-
Location
United States
-
Sector:
-
Job type:
-
Salary:
Circa $150k + Bonuses
-
Contact:
Jennifer Beltran
-
Contact email:
jennifer@intelletec.com
-
Job ref:
JB - DAT0853
-
Consultant:
Jennifer Beltran
Locations: CT-Hartford, MA-Wellesley, NY-New York
Intelletec has partnered in helping the Nation's Premier Health Innovators in helping people on their path to better health. They are building a new health care model that is easier to use, less expensive, and puts the consumer at the center of their care!!
Description:
Leads and participates in the design, built and management of large scale data structures and pipelines and efficient Extract/Load/Transform (ETL) workflows.
- Key skills: Data Pipelines, ETL (short for Extract, Transform, Load), data warehouse, data warehousing, data architecture, database
- Key tools & technologies: Programming (Python), Data Warehousing (Hadoop, MapReduce, HIVE, PIG, Apache Spark, Kafka) and databases (SQL and NoSQL)
Fundamental Components:
- Develops large scale data structures and pipelines to organize, collect and standardize data that helps generate insights and addresses reporting needs.

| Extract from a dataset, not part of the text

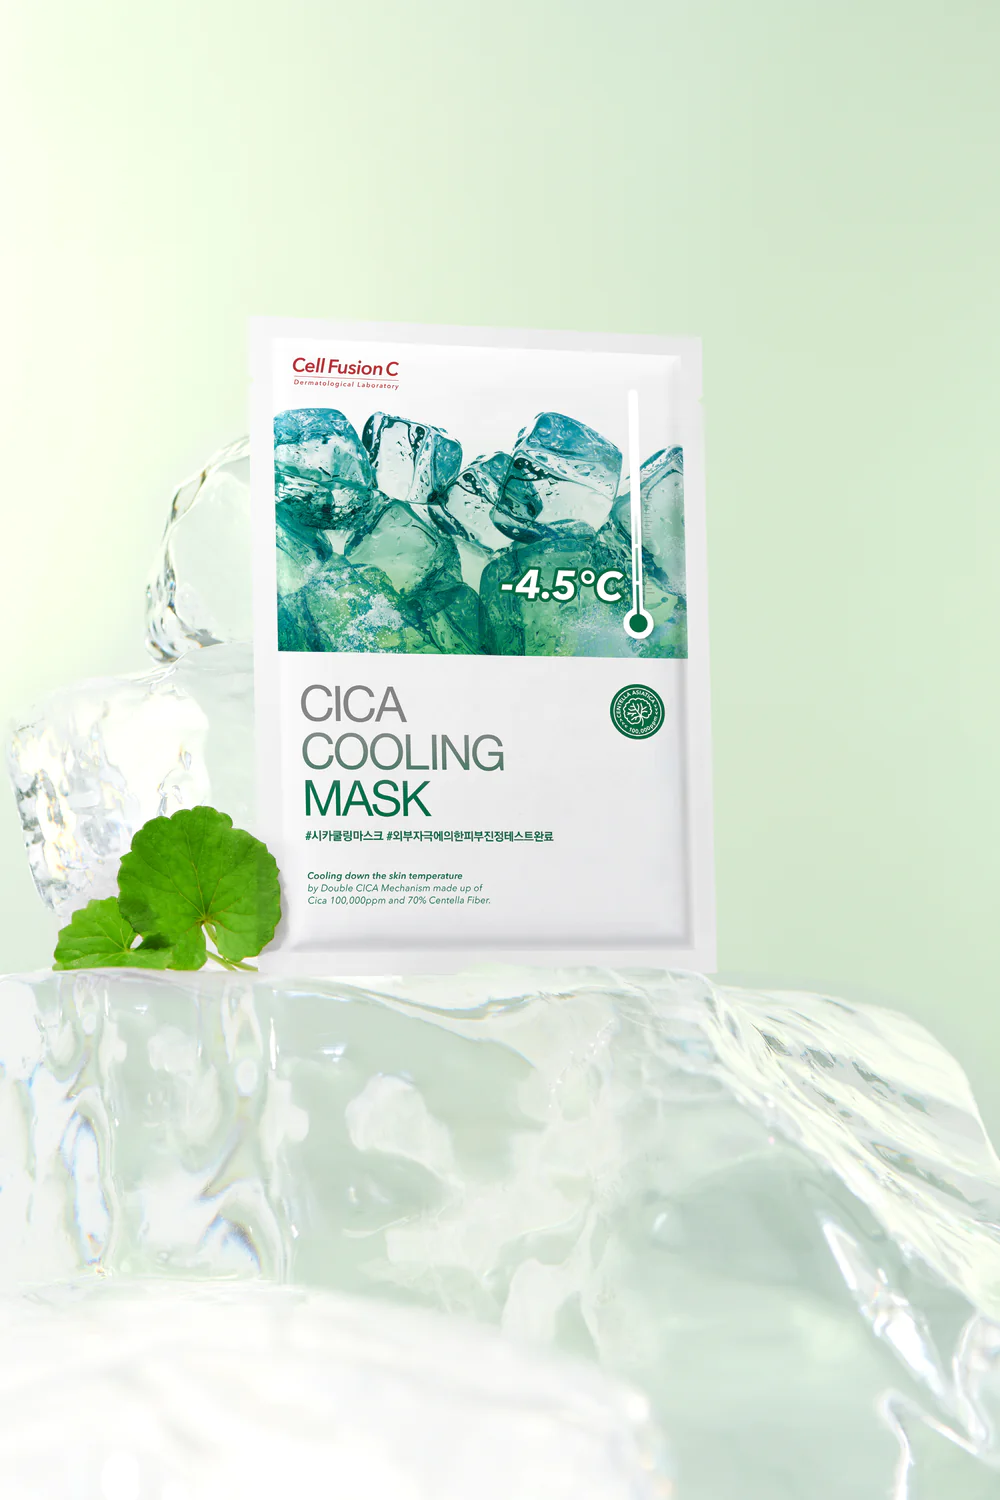 [CellFusionC] Cica Cooling Mask - 5 sheets

- Writes ETL (Extract / Transform / Load) processes, designs database systems and develops tools for real-time and offline analytic processing.
- Collaborates with data science team to transform data and integrate algorithms and models into automated processes.
- Uses knowledge in Hadoop architecture, HDFS commands and experience designing & optimizing queries to build data pipelines.
- Uses strong programming skills in Python, Java or any of the major languages to build robust data pipelines and dynamic systems.
- Builds data marts and data models to support Data Science and other internal customers.
- Integrates data from a variety of sources, assuring that they adhere to data quality and accessibility standards.
- Analyzes current information technology environments to identify and assess critical capabilities and recommend solutions.
- Experiments with available tools and advises on new tools in order to determine optimal solution given the requirements dictated by the model/use case.
Background Experience:
- 5 or more years of progressively complex related experience.Ability to leverage multiple tools and programming languages to analyze and manipulate data sets from disparate data sources.
- Ability to understand complex systems and solve challenging analytical problems.
- Experience with bash shell scripts, UNIX utilities & UNIX Commands.Knowledge in Java, Python, Hive, Cassandra, Pig, MySQL or NoSQL or similar.
- Knowledge in Hadoop architecture, HDFS commands and experience designing & optimizing queries against data in the HDFS environment.
- Experience building data transformation and processing solutions.
- Has strong knowledge of large scale search applications and building high volume data pipelines.
- Master’s degree or PhD preferred.
- Bachelor's degree or equivalent work experience in Computer Science, Engineering, Machine Learning, or related discipline.